ДЕНЬ ВТОРОЙ
На рассвете Патрика разбудил громкий щебет. Казалось, сотни пернатых уселись под окном и истошно кричали.
Разумеется, лес принадлежит птицам, и они вправе чирикать, когда захотят. Но как люди, живущие за городом, умудряются спать?
Патрик посмотрел на Клэр. Та мирно посапывала, прикрыв глаза рукой.
Патрик натянул спортивный костюм и вышел на пробежку. Он побежал к озеру, прямо сквозь стаю сидевших на траве птиц. Те разбегались и взлетали, крича и хлопая крыльями.
Пробегая мимо площадки для мини-гольфа, он увидел рекламный щит. На фотографии отец показывал дочке, как закатить мяч под крыло мельницы.
Сосредоточенный взгляд девочки вызвал у Патрика воспоминания: декабрьский день пять лет назад, когда он учил Эмбер одному карточному фокусу. Как внимательно она смотрела и слушала. Как она надулась от гордости, наконец «угадав» карту.
Он ни разу не играл в гольф с Эмбер и только сейчас это понял. Уже поздно? Захочет ли Эмбер, чтобы Патрик показал ей, как забивать мяч под мельницу, или кто-то другой уже научил ее этому?
Патрик хотел бы поехать с Эмбер и Джеком в местечко вроде этого. Но ведь они уже подростки. Неужели и эта возможность упущена?
Патрик ускорил бег по извилистой дорожке, ведущей на спортплощадку.
Как только он вернется в город, поищет подходящее поле для мини-гольфа и сводит детей поиграть. Или даже поведет их на настоящий гольф.
Он пробежал мимо пещеры Санта-Клауса. Мимо замаскированной беседки, где стояли коротышки в костюмах эльфов, окутанные клубами сигаретного дыма.
Он подумал о Николь. Она буквально в двух шагах от него, сейчас, после стольких лет.
Он поступил очень глупо.
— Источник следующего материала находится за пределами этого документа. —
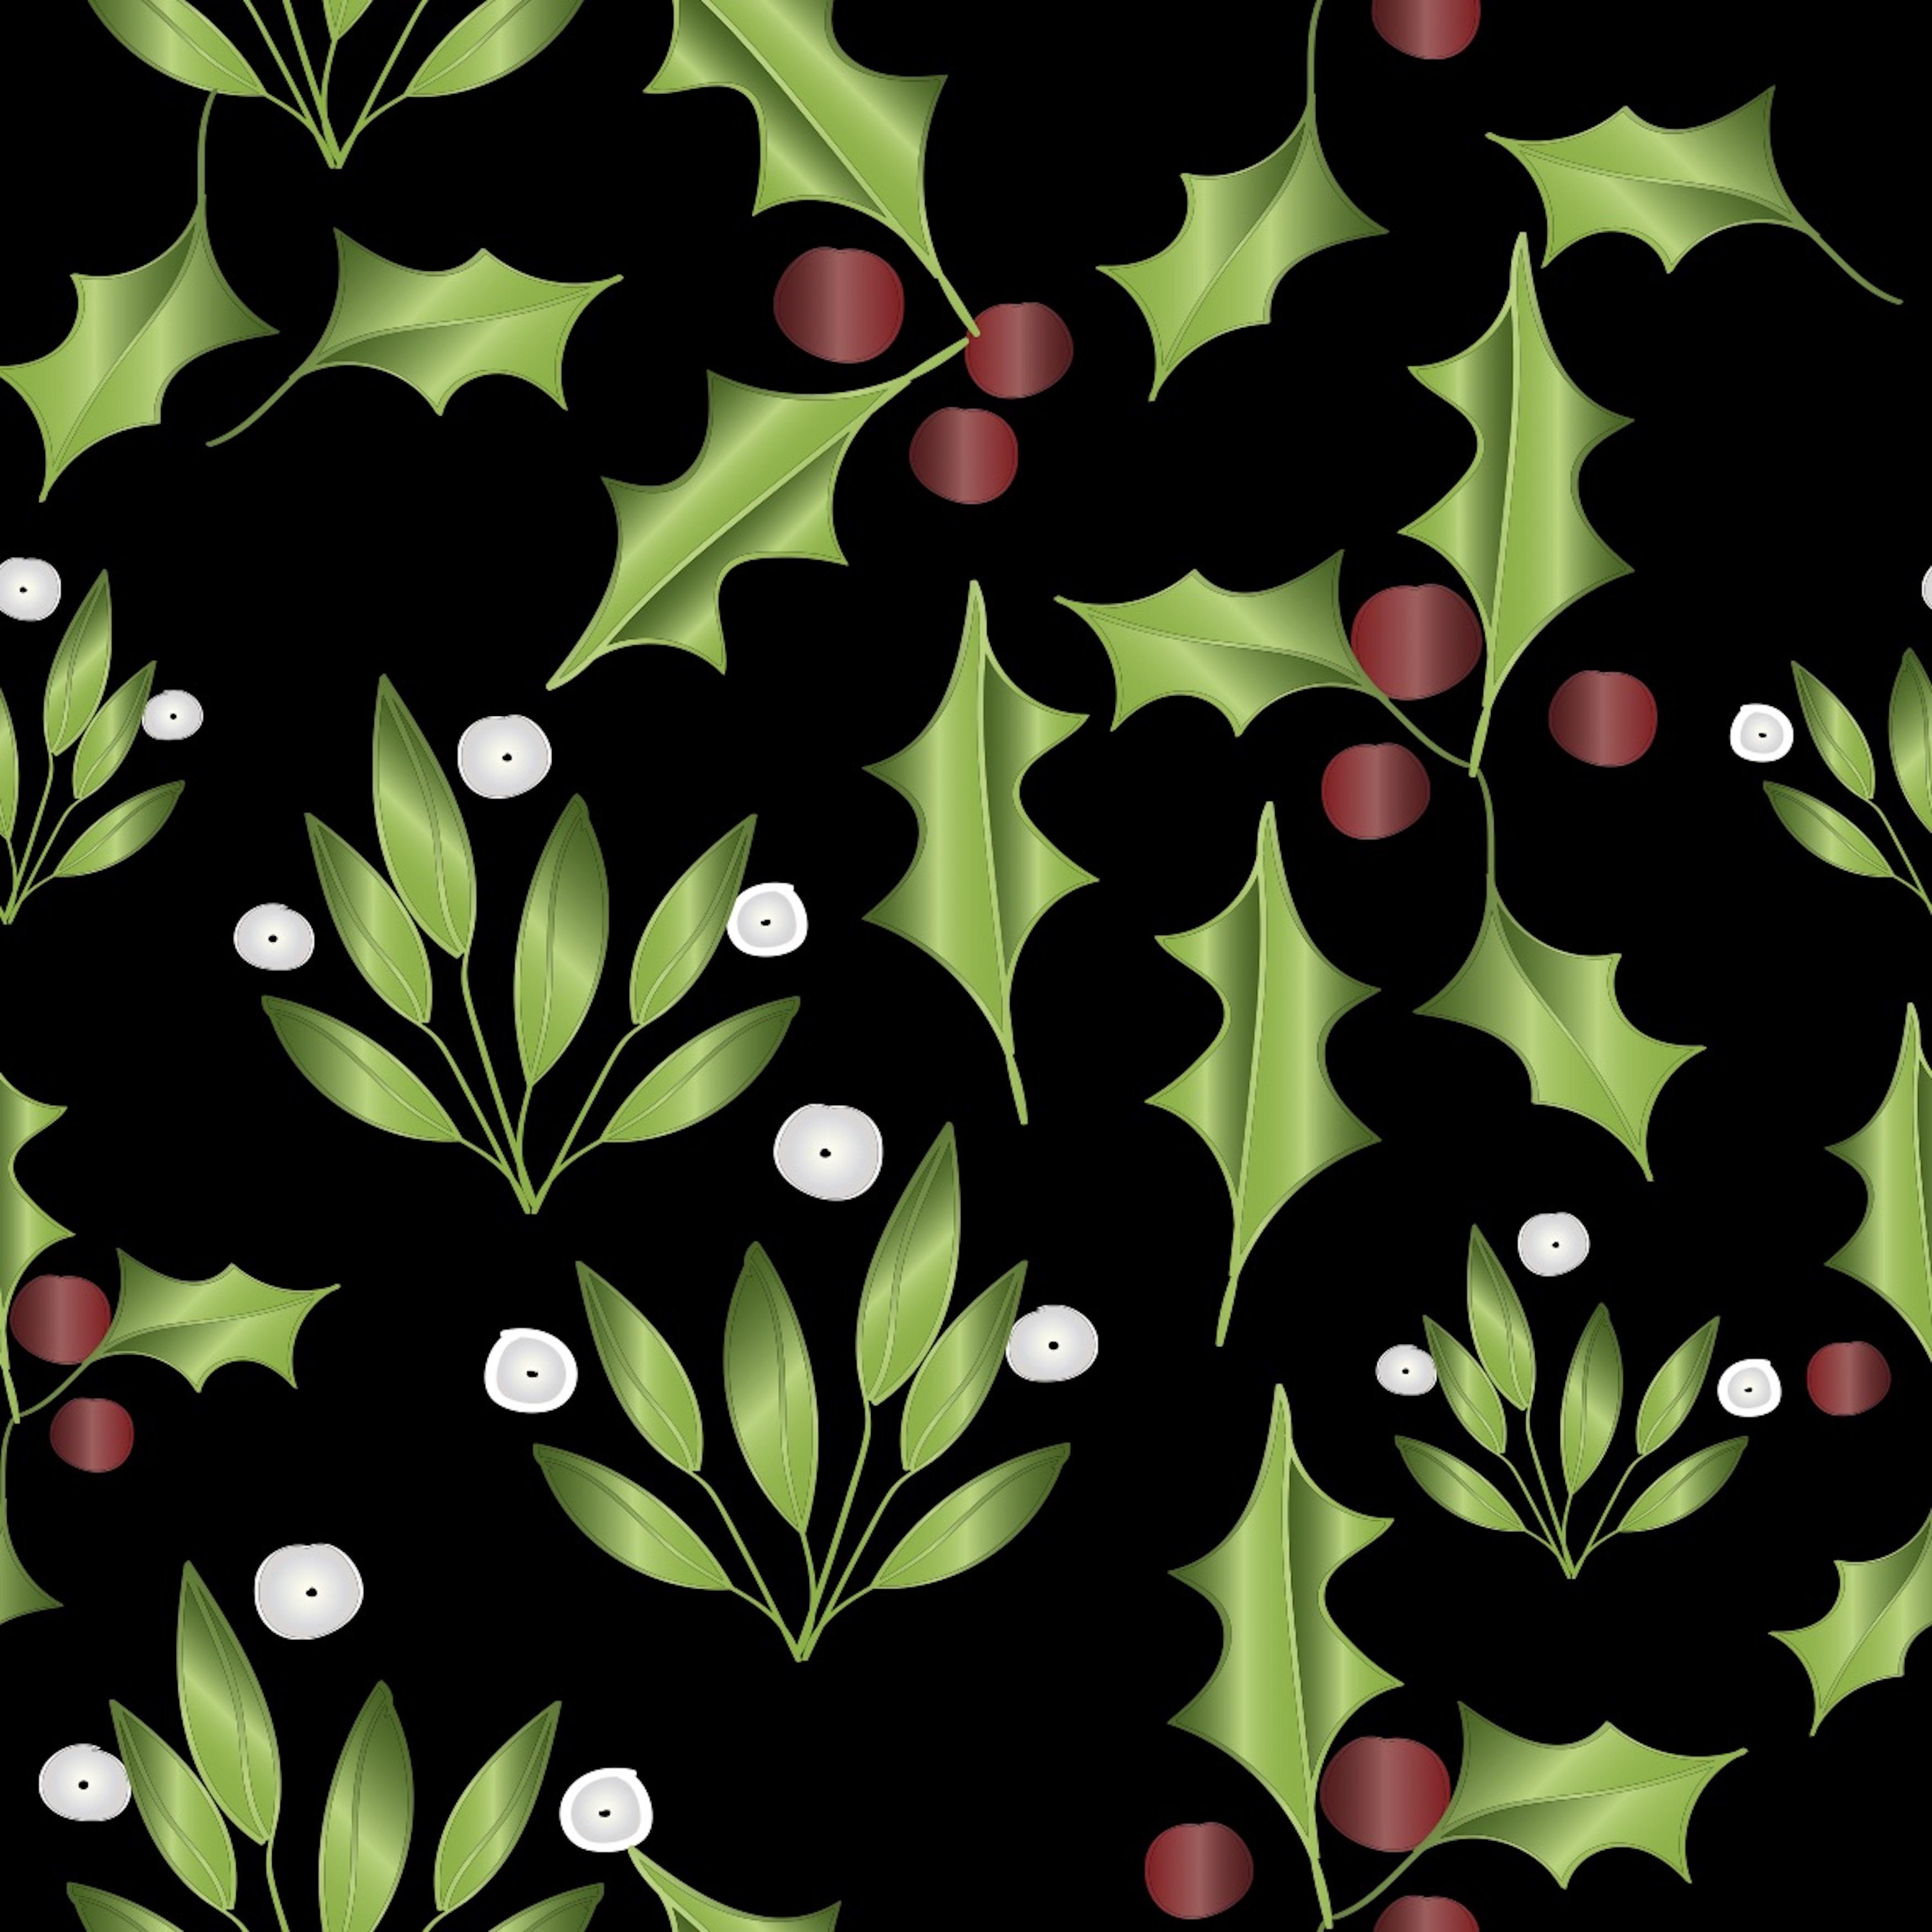 Mistletoe and Ilex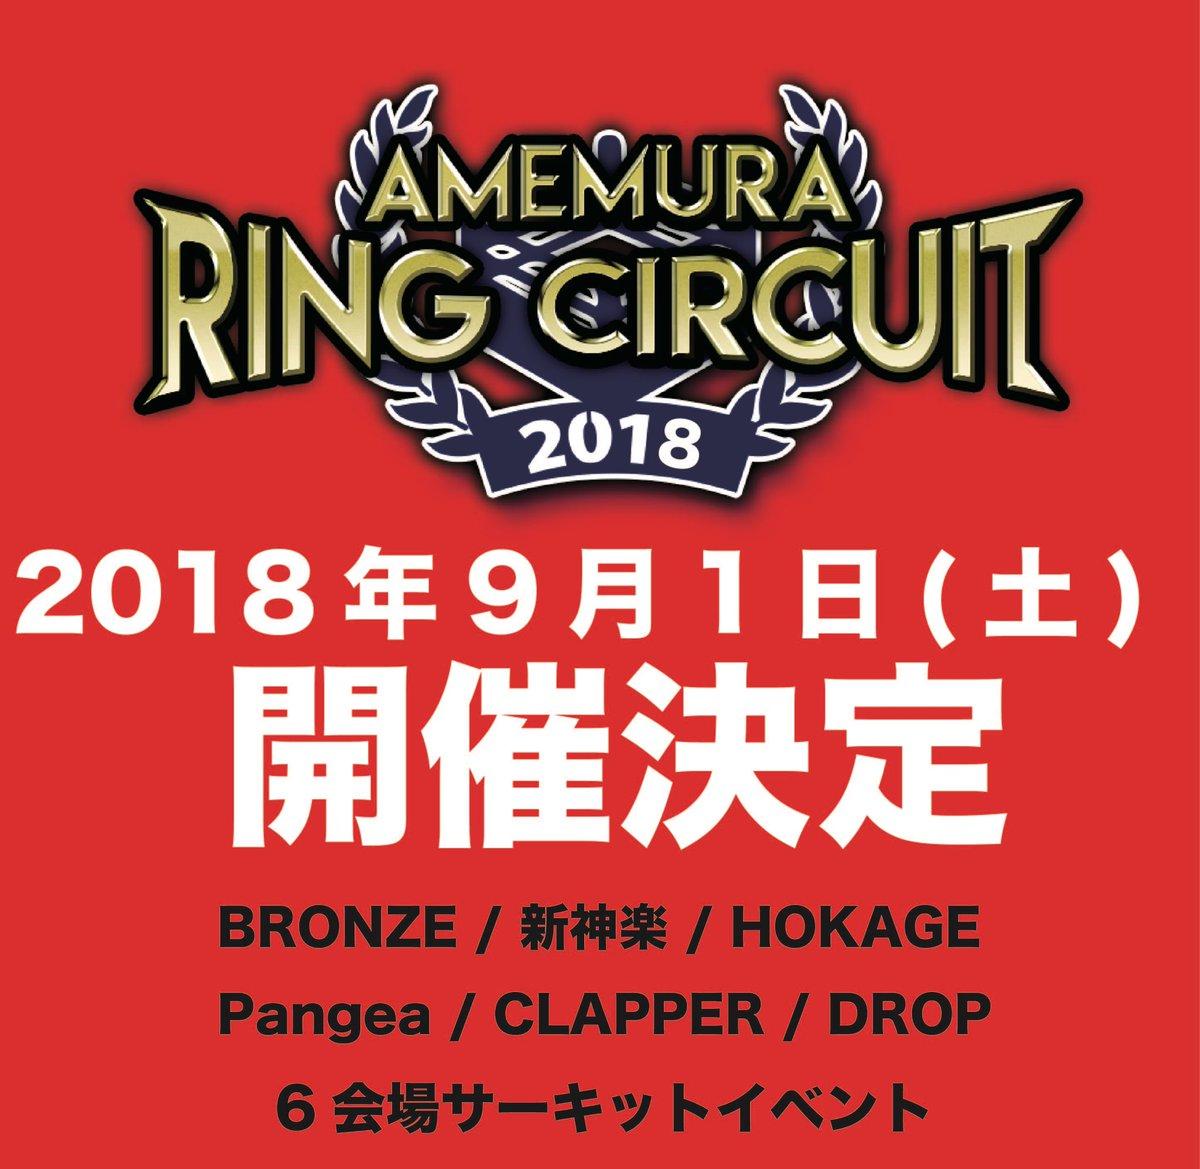 Ring Circuit 2018 On Twitter Amemura Ringcircuit Ddezazgu0ayvqzm

Конечно, Клэр ничего не подозревала. А Николь даже не знала, что он здесь. Ничего плохого не случилось. Почему же тогда где-то глубоко внутри он чувствовал себя виноватым?
Он может просто избегать Николь и ее детей все оставшиеся дни. И никто ничего не узнает.
Да, так он и поступит.
Патрик добежал до площадки для стрельбы из лука и перешел на трусцу. Он окинул взглядом поле и круглые мишени, выстроенные в разноцветную шеренгу.
Потом развернулся и побежал в сторону «Мишкиной тропы».
Странно было прошлым вечером видеть, что Мэтт и Клэр общаются так непринужденно. Когда Патрик впервые встретил Клэр, ее, казалось, просто воротило от Мэтта.
Что же изменилось?
Патрик познакомился с Клэр на официальном ужине в четырехзвездочном отеле неподалеку от аэропорта Ист-Мидландс — три года тому назад, за год до того, как они стали встречаться.
Патрик не ждал многого от этого ужина. Он приехал туда исключительно по поручению Фрэнка, главы адвокатской конторы.
За несколько дней до этого Фрэнк созвал совещание.
— Знаю, о деньгах говорить у нас не принято, — сказал Фрэнк. — Но грядущие годы — решающие для юридической отрасли. Мы больше не можем сокращать накладные расходы, так что пора нам обсудить маржу.
Маржа. Это было что-то новенькое — адвокаты, заговорившие на языке экономики. В последние годы люди его профессии пытались стать более прагматичными. Респектабельность и интеллект выходили из моды и уже не привлекали клиентов, нужно было искать другие способы продавать себя: подписывать соглашения с преференциальными поставщиками, работать по фиксированным коммерческим ставкам и делать другие вещи, которые Патрик считал вульгарной мелочностью, если речь шла о Законе.
— Мы должны стать более гибкими, — заключил Фрэнк, — иначе так и не научимся бежать в ногу с волками.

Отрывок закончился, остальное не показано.